Das Leben der Zirkusleute und Schausteller der Jahrmärkte ist romantisch verklärt. Für ihren harten Existenzkampf, den die meisten bereits verloren haben, interessiert sich kaum jemand. In dieser Hinsicht ist ihre Situation vergleichbar mit den landlosen Bauern und den aus ihrer natürlichen Umgebung vertriebenen Menschen aus den Bergen, den Wäldern und Wüsten dieser Welt. Deren Lebensweise allenfalls als eine vergangene, verlorene, oder euphemistisch ausgedrückt als eine überwundene Lebensweise wahrgenommen wird. Aller Lebensgrundlage beraubt vegetieren sie nun am Rande unserer Müllplätze, verdingen sich als Tagelöhner für Großgrundbesitzer und Minenbetreiber unter Einsatz ihrer Gesundheit und nicht selten ihres Lebens ein karges Einkommen.
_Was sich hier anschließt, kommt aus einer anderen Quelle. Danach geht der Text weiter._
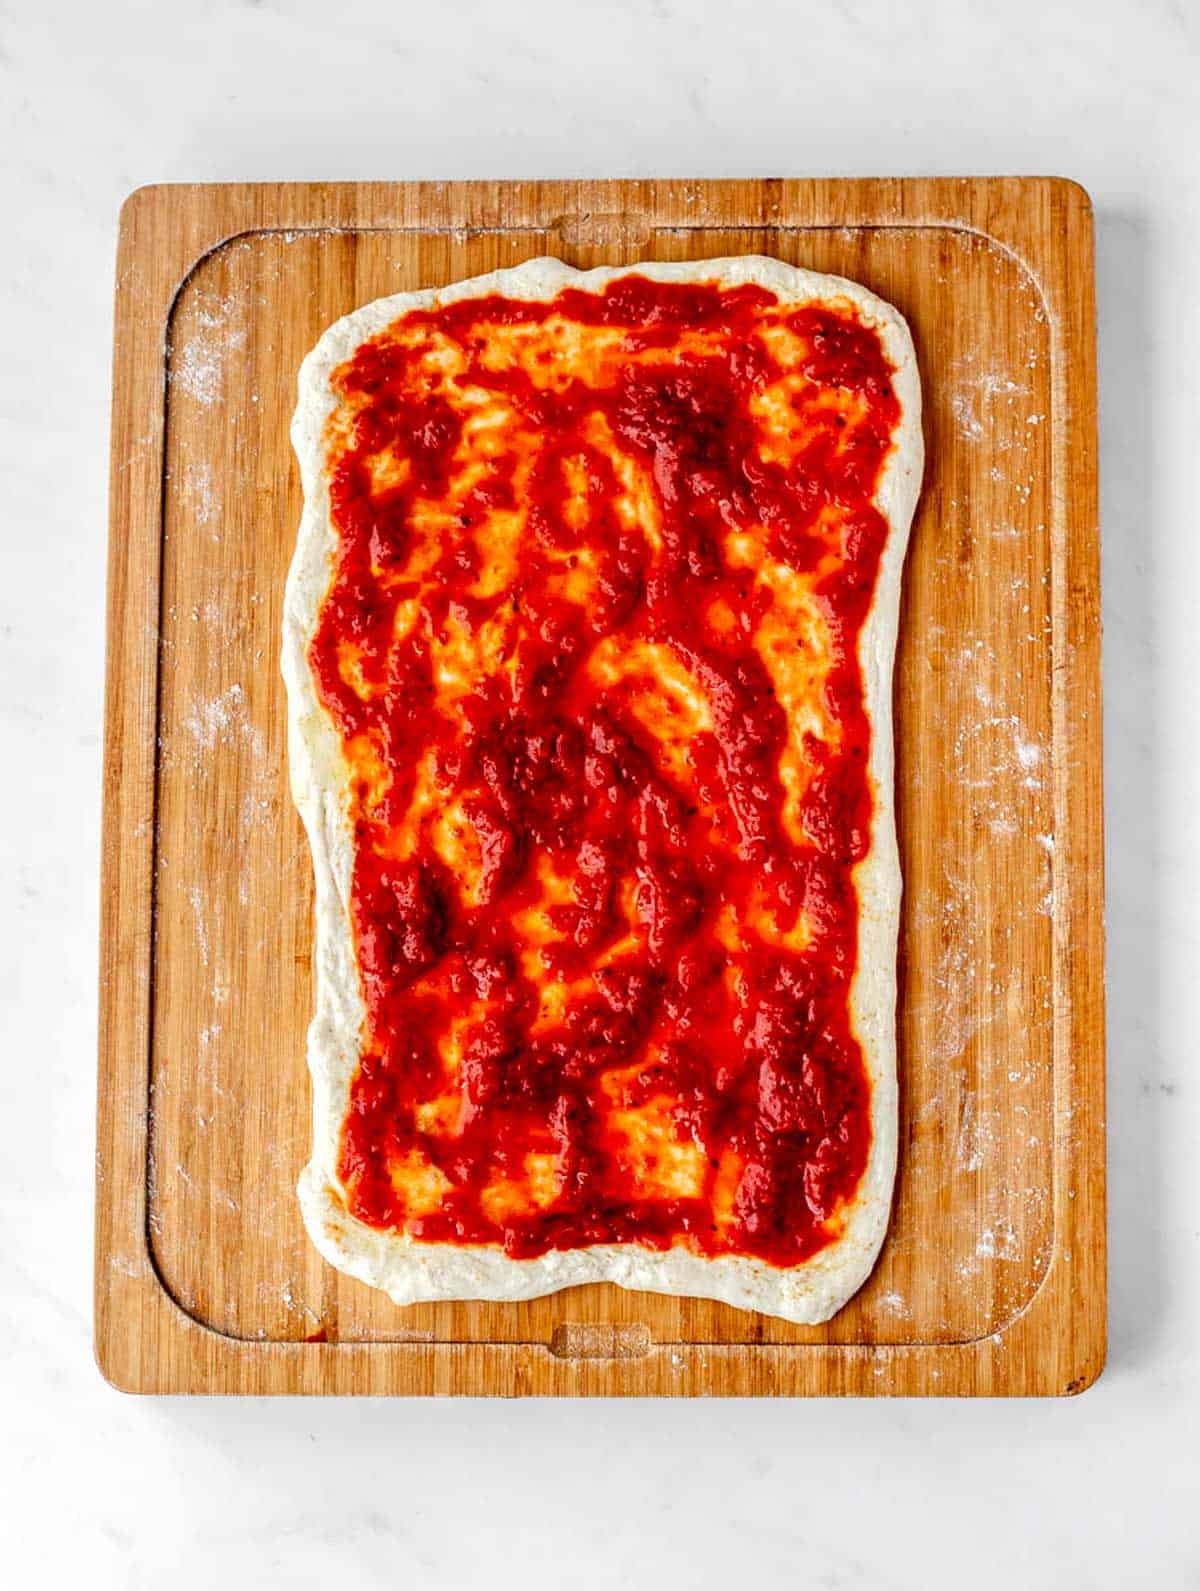 A layer of pizza sauce on top of the rolled out dough on a cutting board.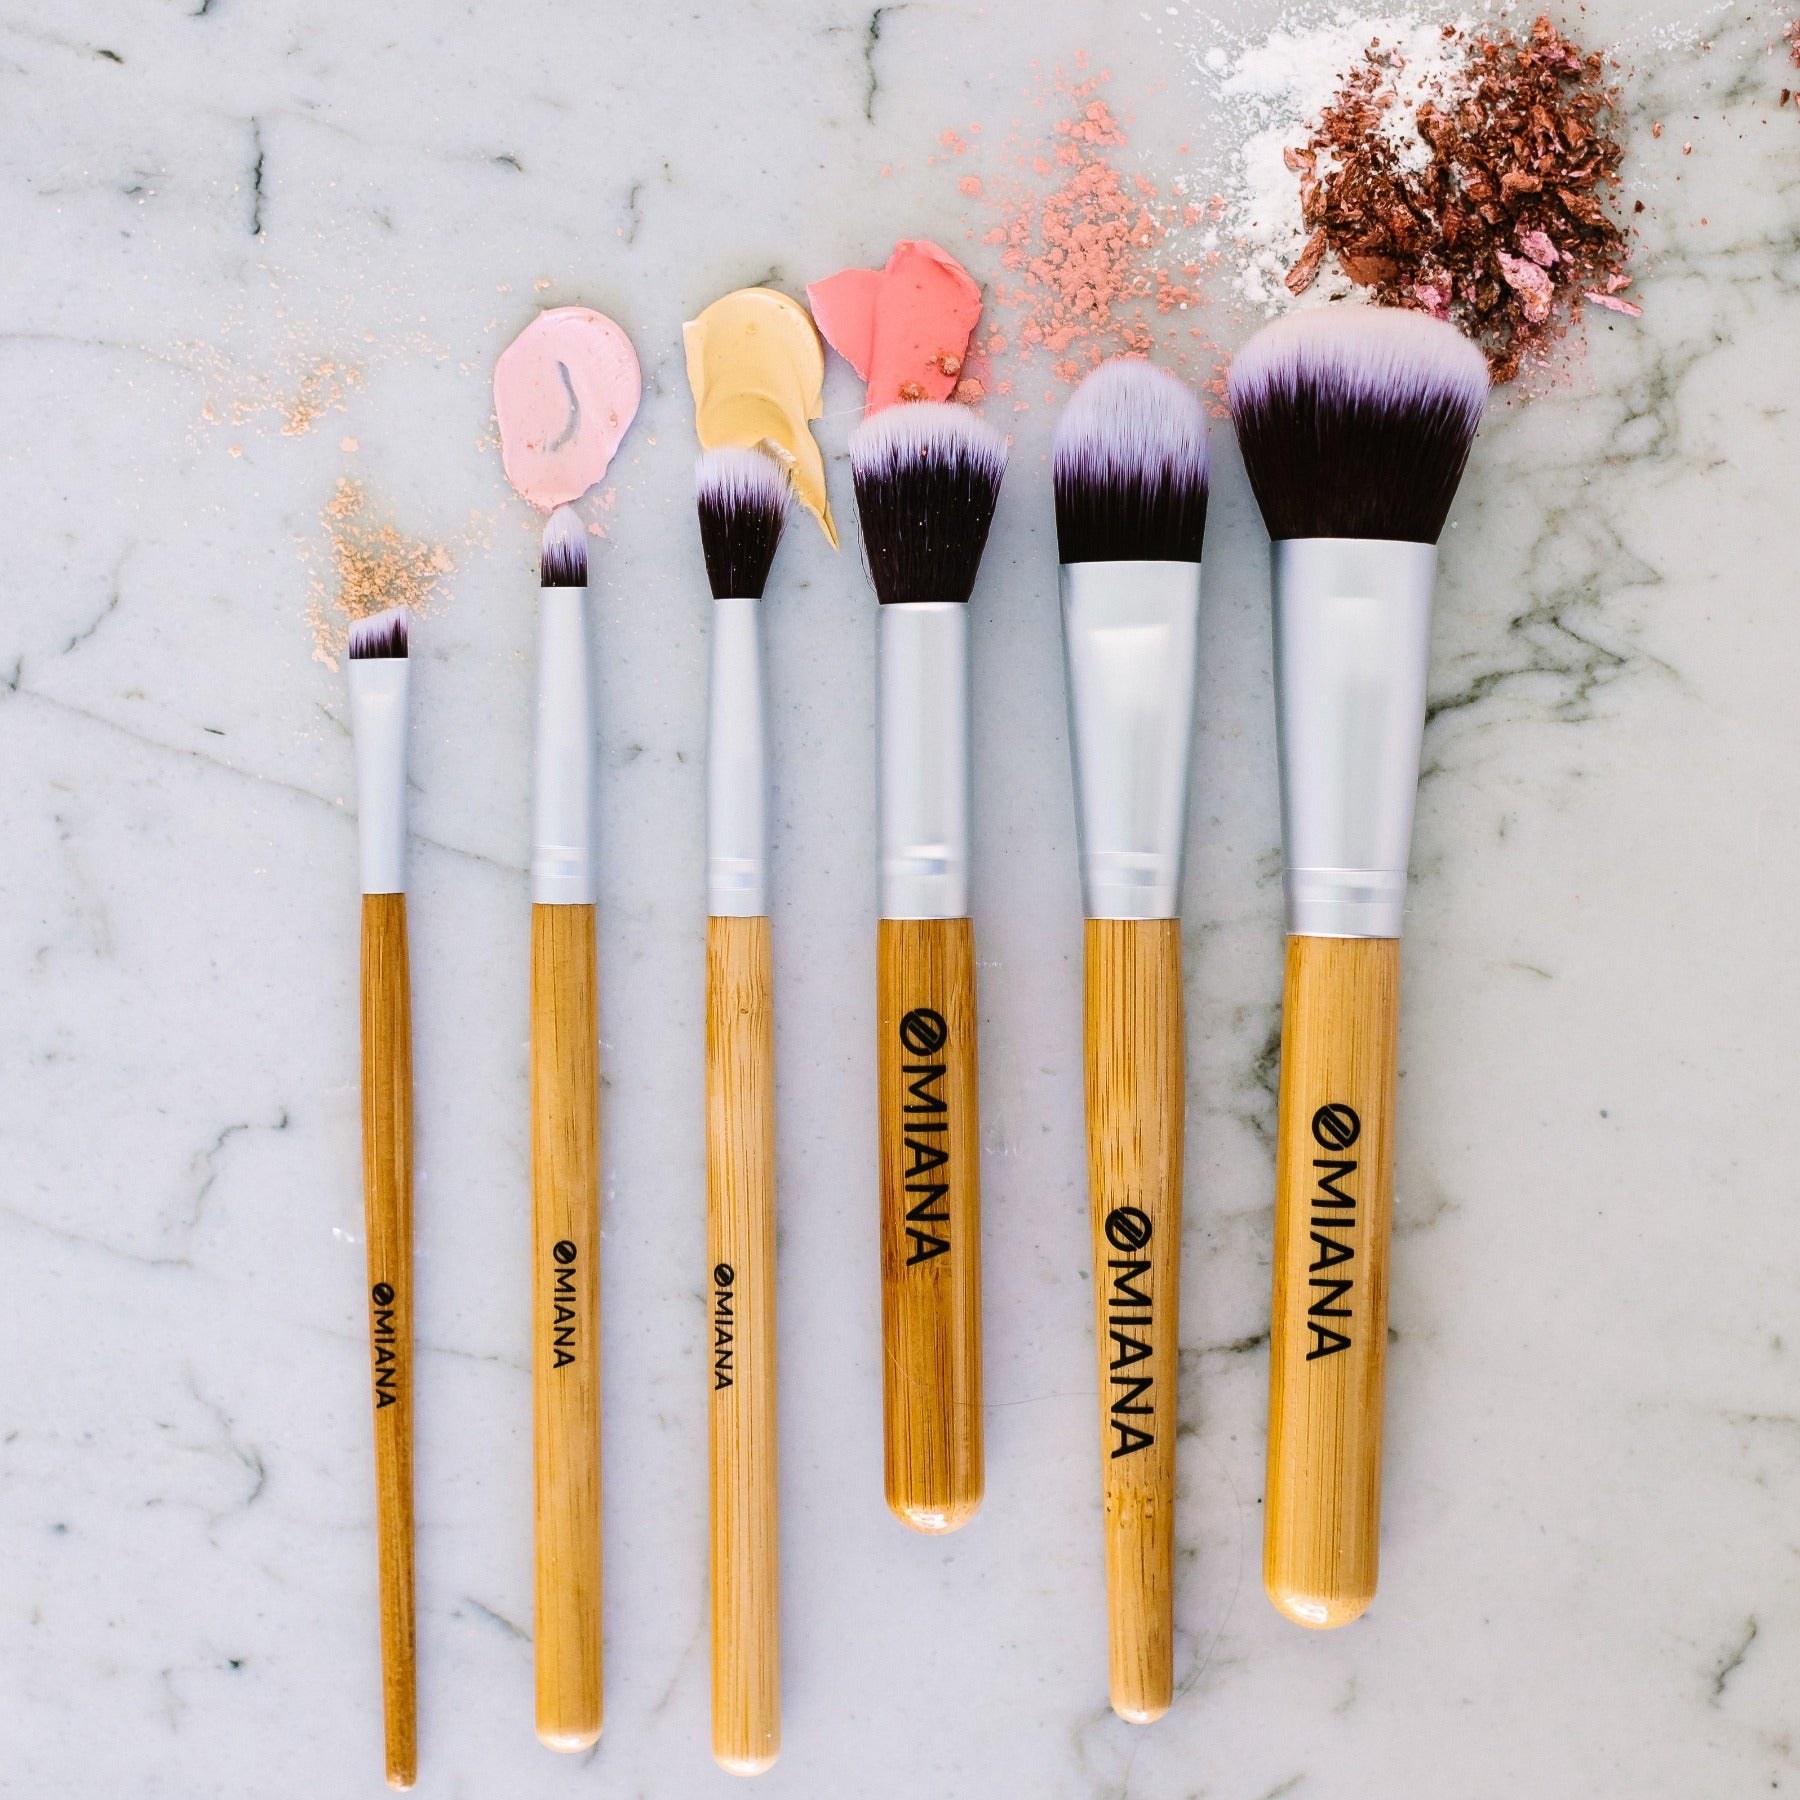 Stroke of Beauty - Set of 12: Makeup Brushes

Auf der Suche nach Alternativen setzen sie ihr Leben auf der Flucht in „zivilisierte Gesellschaften“ auf Spiel, die sich ihrer Ressourcen bediente, aber die Folgen des Raubbaus nicht zu zahlen bereit sind.

 

 

Die Industrialisierung und die heutige Digitalisierung sind verantwortlich für das millionenfache Elend dieser Menschen, einer zunehmend zerstörten Natur, zerstörten Lebensgrundlagen und Kulturen, die als primitiv beschrieben werden. Zugleich handelte es sich um Ordnungssysteme gemeinschaftlich denkender und arbeitender Gesellschaften, die wir, bevor wir sie verstanden haben, zerstörten. Ob eine Umkehr dieser von Menschen verursachten Katastrophe möglich ist, hängt auch davon ab, diesen kolonialen und imperialen „Zivilisationsprozess“ in seiner historischen und aktuellen Dimension wahrzunehmen. Wohl wissend, dass in diesem Augenblick ein kleines Kind jene seltene Erden unter Lebensgefahr irgendwo auf der Welt aus der Erde klaubt, damit ich auch morgen noch, derartige Beiträge schreiben und im Internet veröffentlichen kann.